Implement MemoryProvider to plug in any context retrieval strategy:

from roomkit import AIMessage, MemoryProvider, MemoryResult, RoomContext, RoomEvent


class SummaryMemory(MemoryProvider):
    """Injects a conversation summary plus recent events."""

    def __init__(self, summarizer, recent_count: int = 5) -> None:
        self._summarizer = summarizer
        self._recent_count = recent_count

    @property
    def name(self) -> str:
        return "SummaryMemory"

    async def retrieve(
        self,
        room_id: str,
        current_event: RoomEvent,
        context: RoomContext,
        *,
        channel_id: str | None = None,
    ) -> MemoryResult:
        summary = await self._summarizer.summarize(room_id)
        return MemoryResult(
            messages=[AIMessage(role="system", content=summary)],
            events=context.recent_events[-self._recent_count :],
        )

The ABC also provides optional lifecycle methods:

class StatefulMemory(MemoryProvider):
    async def retrieve(self, room_id, current_event, context, *, channel_id=None):
        ...  # Required — fetch context

    async def ingest(self, room_id, event, *, channel_id=None):
        ...  # Optional — update internal state as events arrive

    async def clear(self, room_id):
        ...  # Optional — clear stored memory for a room

    async def close(self):
        ...  # Optional — release resources (connections, models)
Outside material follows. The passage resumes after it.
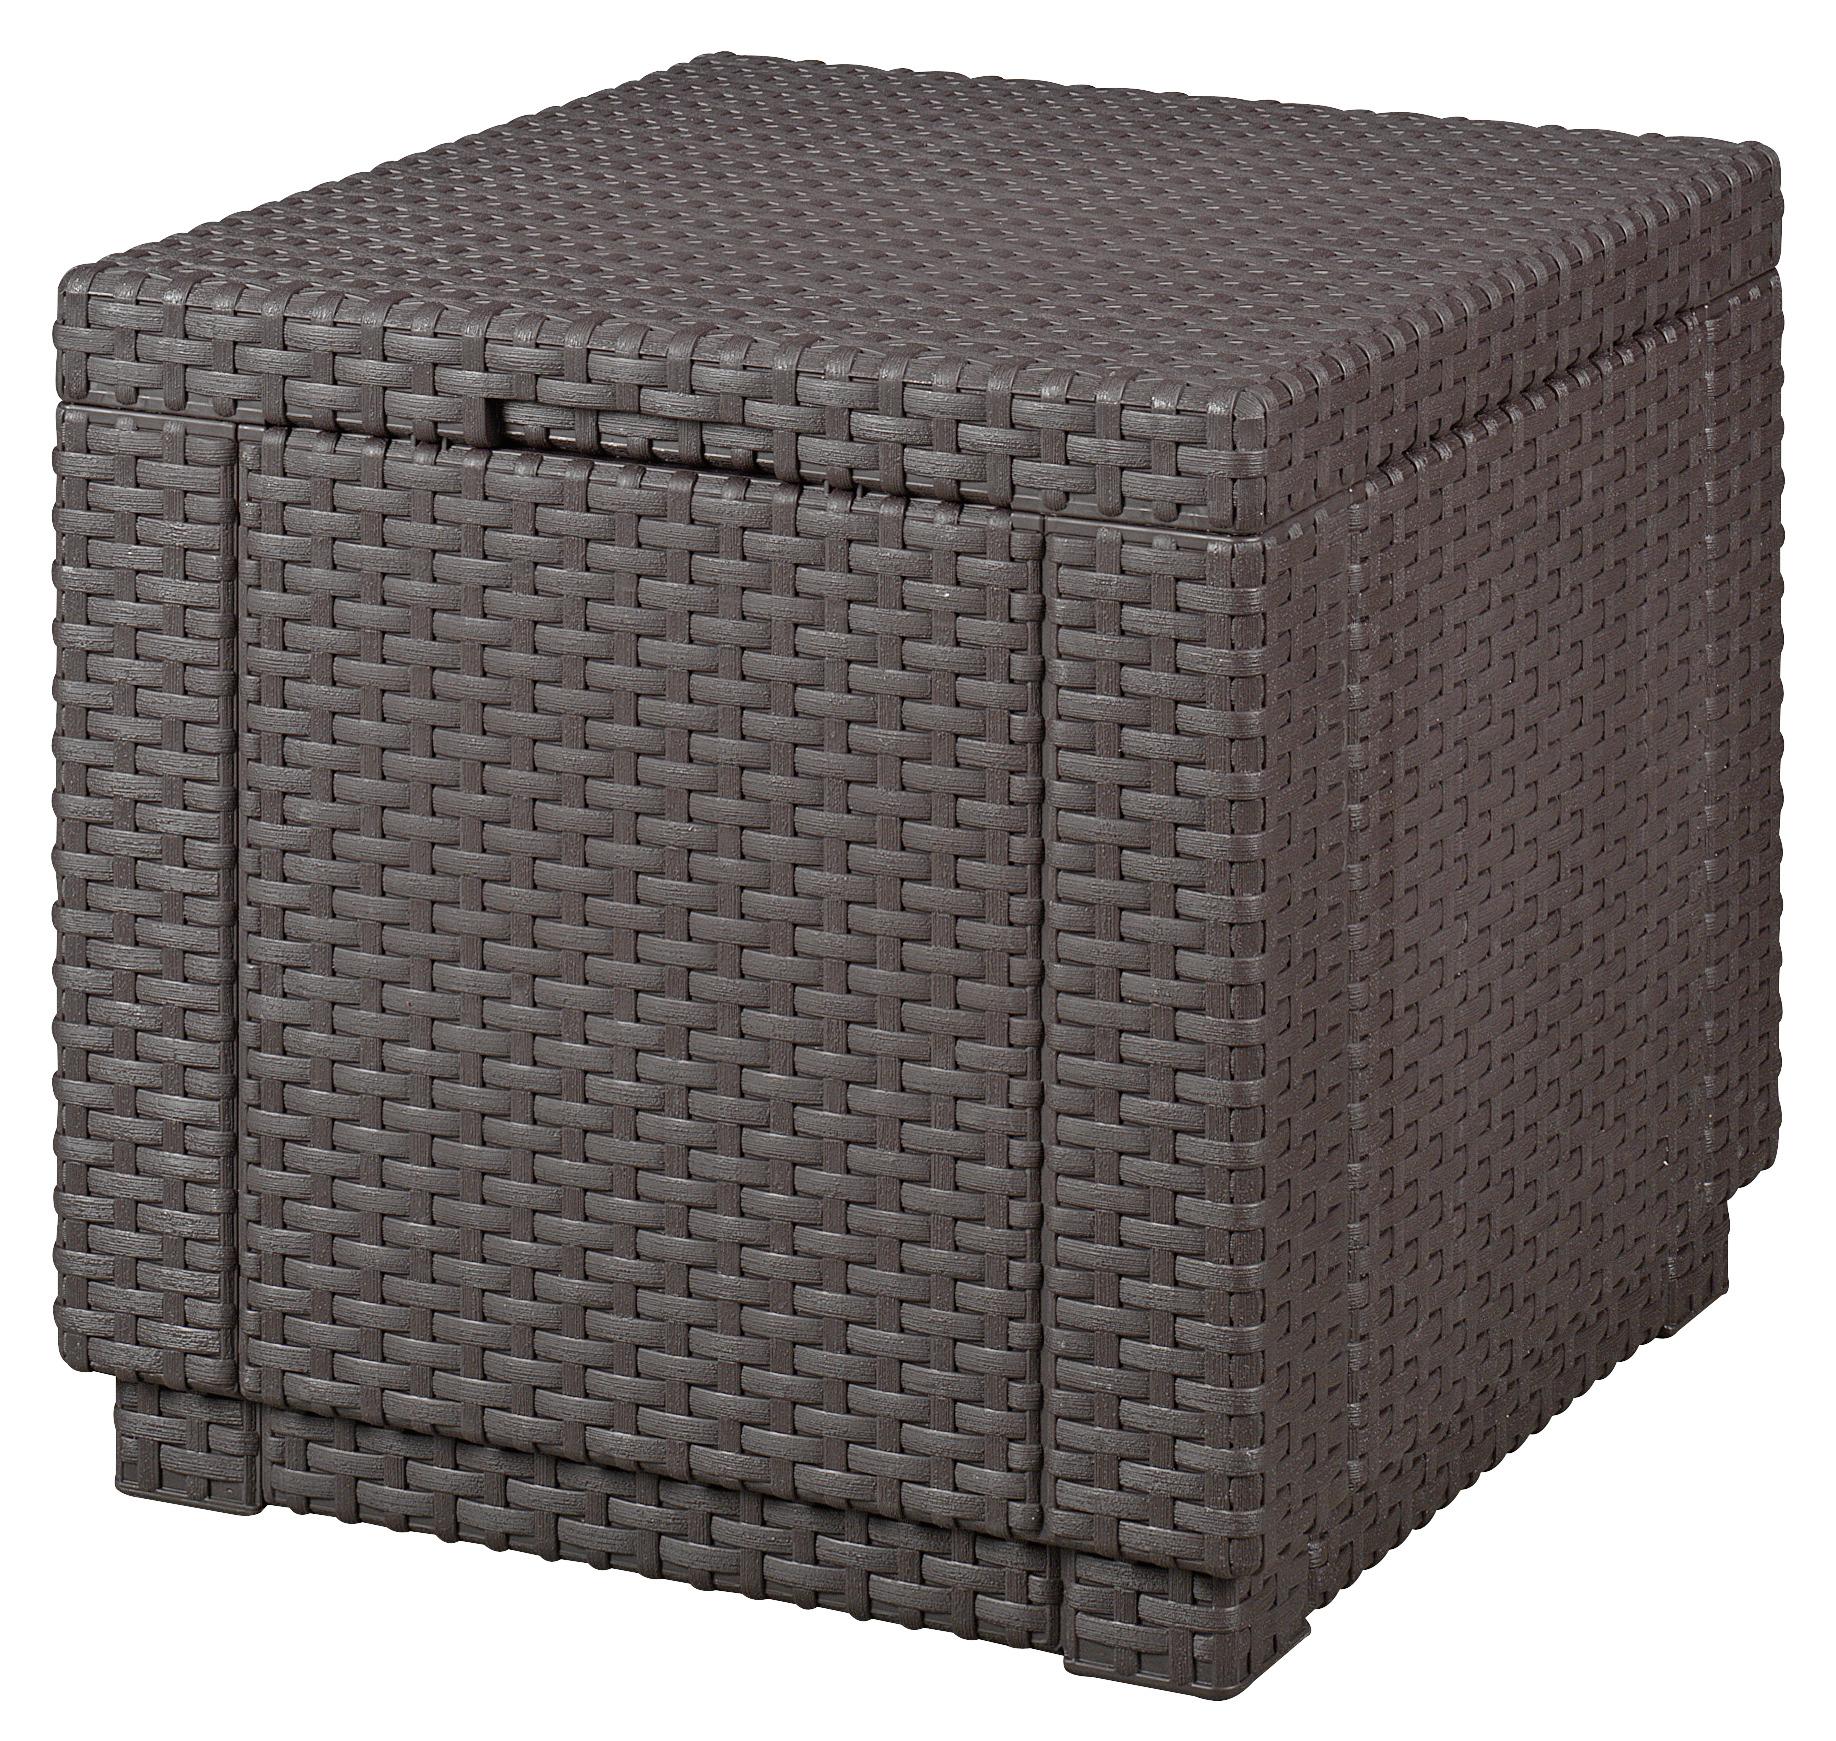 Gartenhocker Cube Polyrattan mit Stauraum - Braun, MODERN, Kunststoff (42/39/42cm) - Allibert
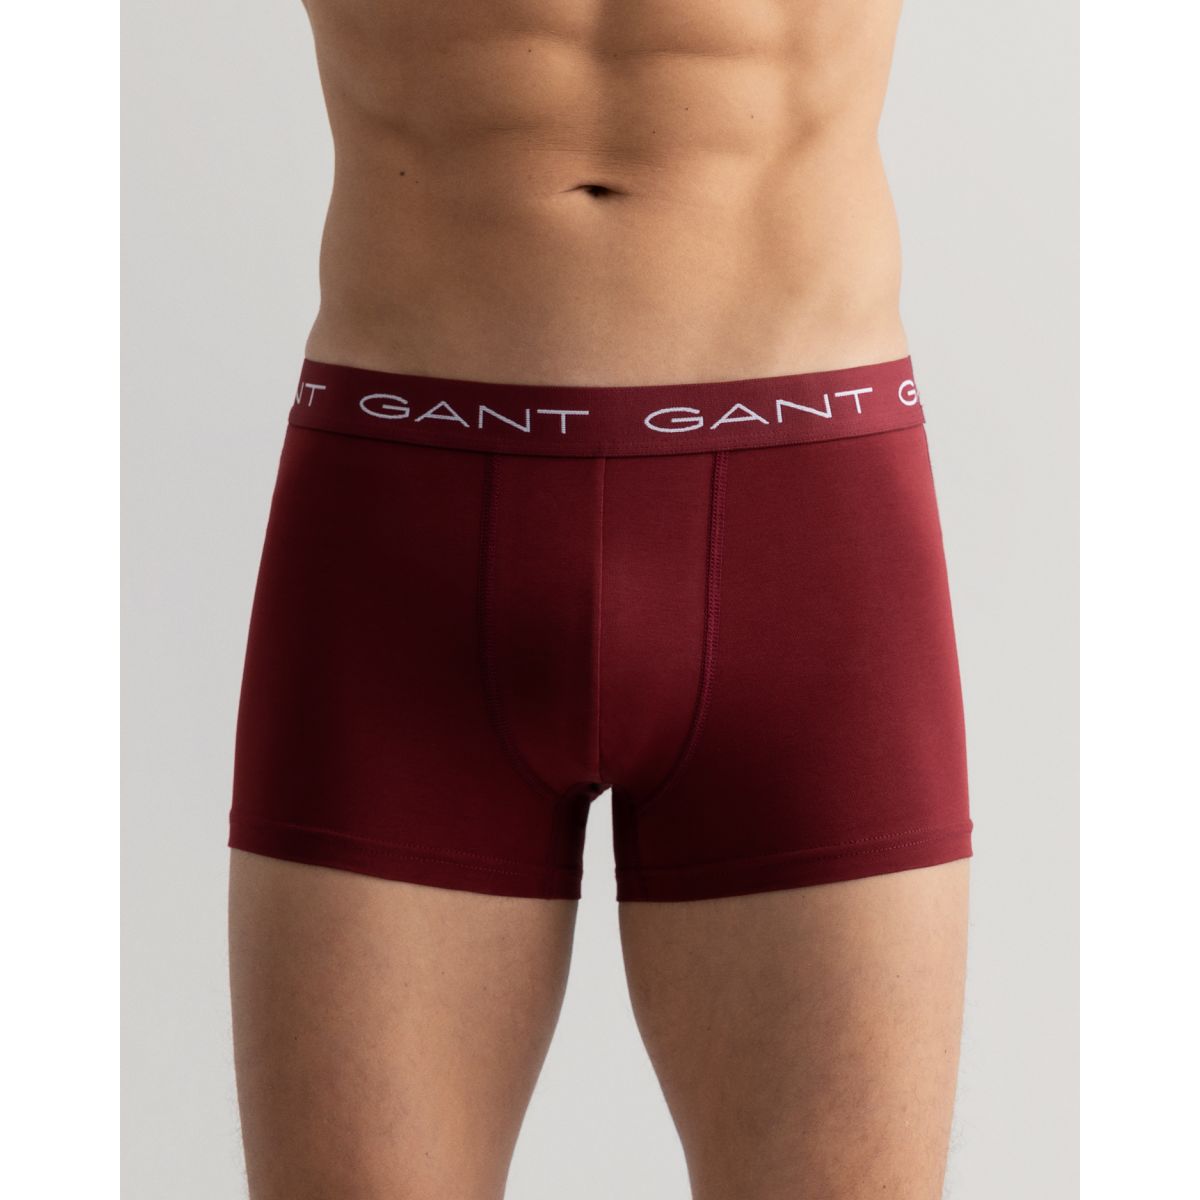 Gant Boxer Trunk 3-Pack Grønn/Marine/Rød

ingest(), clear(), and close() are concrete no-ops in the base class, so simple providers only need to implement retrieve().

MemoryResult

The MemoryResult dataclass controls what goes into the AI context:

Field Type Default Description
messages list[AIMessage] [] Pre-built messages prepended to context
events list[RoomEvent] [] Raw events converted by AIChannel

Messages appear first in the context, followed by converted events, followed by the current triggering event. This ordering ensures summaries and system context appear before the conversation, and the current user message is always last.

Auto-default behavior

memory max_context_events Behavior
not set not set SlidingWindowMemory(max_events=50)
not set set SlidingWindowMemory(max_events=N)
set any Uses the explicit provider; max_context_events is ignored

Lifecycle

  • retrieve() is called on every AI generation (each on_event)
  • close() is called when AIChannel.close() is called
  • ingest() is not called automatically — stateful providers should use AFTER_BROADCAST hooks to call it

Example

See examples/memory_provider.py for a runnable demo showing default, summary, and custom memory providers.